TASK BRIEF: Wherever the line with "Foto de stock" sits in the listing below, transcribe from it up to and including the line with "Image of Stampante", exactly, and leave the remaining lines out.

DATA PROVIDED:
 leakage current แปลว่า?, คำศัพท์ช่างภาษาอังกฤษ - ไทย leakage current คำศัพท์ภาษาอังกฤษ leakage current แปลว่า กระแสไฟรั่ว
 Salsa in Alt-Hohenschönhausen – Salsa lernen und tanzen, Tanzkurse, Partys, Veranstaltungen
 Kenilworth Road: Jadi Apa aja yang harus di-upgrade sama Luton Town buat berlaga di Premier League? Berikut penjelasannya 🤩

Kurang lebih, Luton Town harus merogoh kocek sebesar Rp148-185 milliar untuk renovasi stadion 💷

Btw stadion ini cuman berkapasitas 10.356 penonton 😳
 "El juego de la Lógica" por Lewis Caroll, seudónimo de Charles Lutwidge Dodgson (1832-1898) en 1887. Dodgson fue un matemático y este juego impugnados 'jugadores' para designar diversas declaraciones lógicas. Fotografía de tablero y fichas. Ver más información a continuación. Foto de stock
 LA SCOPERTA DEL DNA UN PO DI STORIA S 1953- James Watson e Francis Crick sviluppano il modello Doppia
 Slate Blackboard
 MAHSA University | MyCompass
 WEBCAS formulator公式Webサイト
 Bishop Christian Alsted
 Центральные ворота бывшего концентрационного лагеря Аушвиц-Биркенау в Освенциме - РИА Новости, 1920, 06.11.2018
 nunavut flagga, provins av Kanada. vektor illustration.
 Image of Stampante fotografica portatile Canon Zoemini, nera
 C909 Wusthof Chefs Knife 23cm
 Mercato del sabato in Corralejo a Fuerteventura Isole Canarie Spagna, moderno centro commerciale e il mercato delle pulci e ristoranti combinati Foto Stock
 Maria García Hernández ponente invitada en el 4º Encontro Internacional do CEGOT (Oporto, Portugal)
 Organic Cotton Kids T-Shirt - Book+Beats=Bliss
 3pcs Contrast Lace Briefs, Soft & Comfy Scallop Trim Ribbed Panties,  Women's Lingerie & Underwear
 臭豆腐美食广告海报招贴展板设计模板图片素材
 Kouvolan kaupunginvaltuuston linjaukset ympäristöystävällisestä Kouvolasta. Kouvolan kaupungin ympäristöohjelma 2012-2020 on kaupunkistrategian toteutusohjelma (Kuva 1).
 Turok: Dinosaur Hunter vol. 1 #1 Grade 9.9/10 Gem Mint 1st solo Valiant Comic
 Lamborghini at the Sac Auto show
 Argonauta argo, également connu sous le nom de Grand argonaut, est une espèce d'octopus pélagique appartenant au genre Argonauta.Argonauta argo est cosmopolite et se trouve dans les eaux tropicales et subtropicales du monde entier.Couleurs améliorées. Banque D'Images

SOLUTION:
 "El juego de la Lógica" por Lewis Caroll, seudónimo de Charles Lutwidge Dodgson (1832-1898) en 1887. Dodgson fue un matemático y este juego impugnados 'jugadores' para designar diversas declaraciones lógicas. Fotografía de tablero y fichas. Ver más información a continuación. Foto de stock
 LA SCOPERTA DEL DNA UN PO DI STORIA S 1953- James Watson e Francis Crick sviluppano il modello Doppia
 Slate Blackboard
 MAHSA University | MyCompass
 WEBCAS formulator公式Webサイト
 Bishop Christian Alsted
 Центральные ворота бывшего концентрационного лагеря Аушвиц-Биркенау в Освенциме - РИА Новости, 1920, 06.11.2018
 nunavut flagga, provins av Kanada. vektor illustration.
 Image of Stampante fotografica portatile Canon Zoemini, nera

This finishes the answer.